Posted by どうでもよいことですが、 at 2011年03月09日 15:03
> 肯首→首肯 では?

いやいや、全然どうでも良くないです。ご指摘、どうもありがとうございます。直しておきます。
Posted by buu* at 2011年03月09日 15:06
そこで修正なさってはつまらない。

漱石枕流。
Posted by YY at 2011年03月09日 23:23
> そこで修正なさってはつまらない。
>
> 漱石枕流。

確かに、文章の中身を考えたらそれが一番ナイスな対応でしたね(^^;思い至らず。修行が足りませんでした(涙)。
Posted by buu* at 2011年03月09日 23:25
>医学部を再受験

社会人再受験に対しては厳しいと聞きますね(なぜなのでしょうかね。医者は純粋培養がお好きなのかもしれません)。
特に面接では、面接官の何人かが「不可」を出すと(生意気だと思われると)、成績に関係なく落とすという噂もあります。

>センター試験を2度やって
TOEIC, TOFELのように隔月実施とか、毎月実施でもよいのではないかと思います。
Posted by aabb at 2011年03月10日 01:18
> 社会人再受験に対しては厳しいと聞きますね(なぜなのでしょうかね。医者は純粋培養がお好きなのかもしれません)。
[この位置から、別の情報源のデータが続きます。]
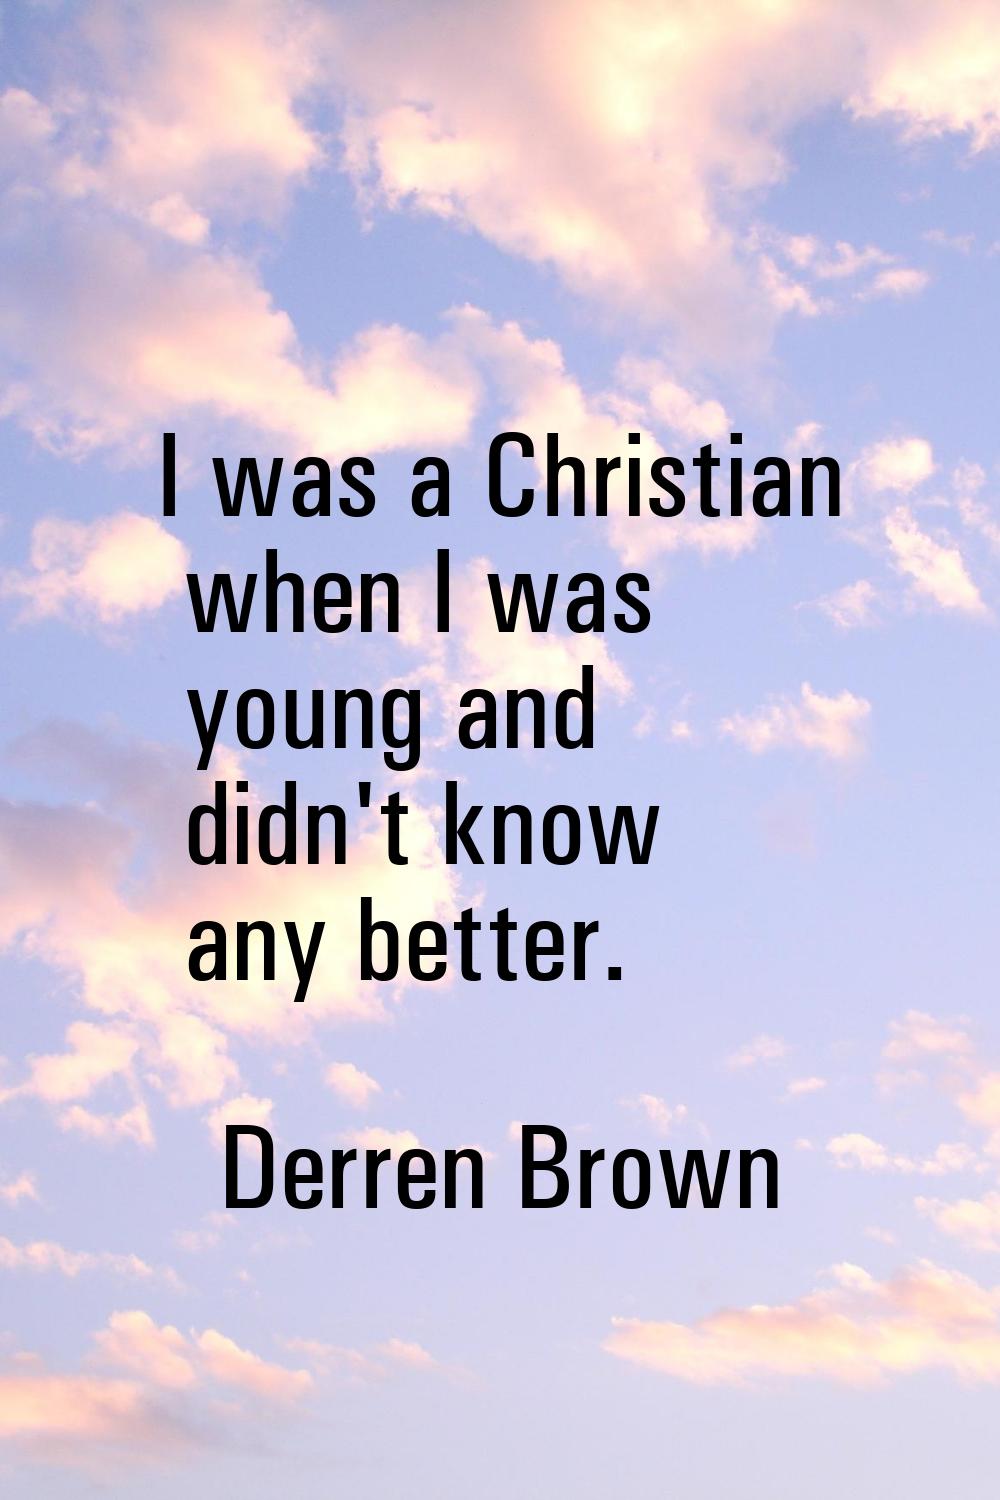 I was a Christian when I was young and didn't know any better.

育成にお金がかかるので、一年でも長く働けるほうが良いんじゃないですかね?で、そういう理屈で不合格にするなら、最初から言っておけ、という話で、情報公開が無料になったら医科歯科大学に片っ端から情報公開請求してやろうかと思います。もちろん、嫌がらせで(笑)。

> TOEIC, TOFELのように隔月実施とか、毎月実施でもよいのではないかと思います。

問題を作るのが大変ですよねぇ。受験料を高くすれば良いのかな。二回目だと50%アップ、三回目だとさらに50%アップ、とか(笑)。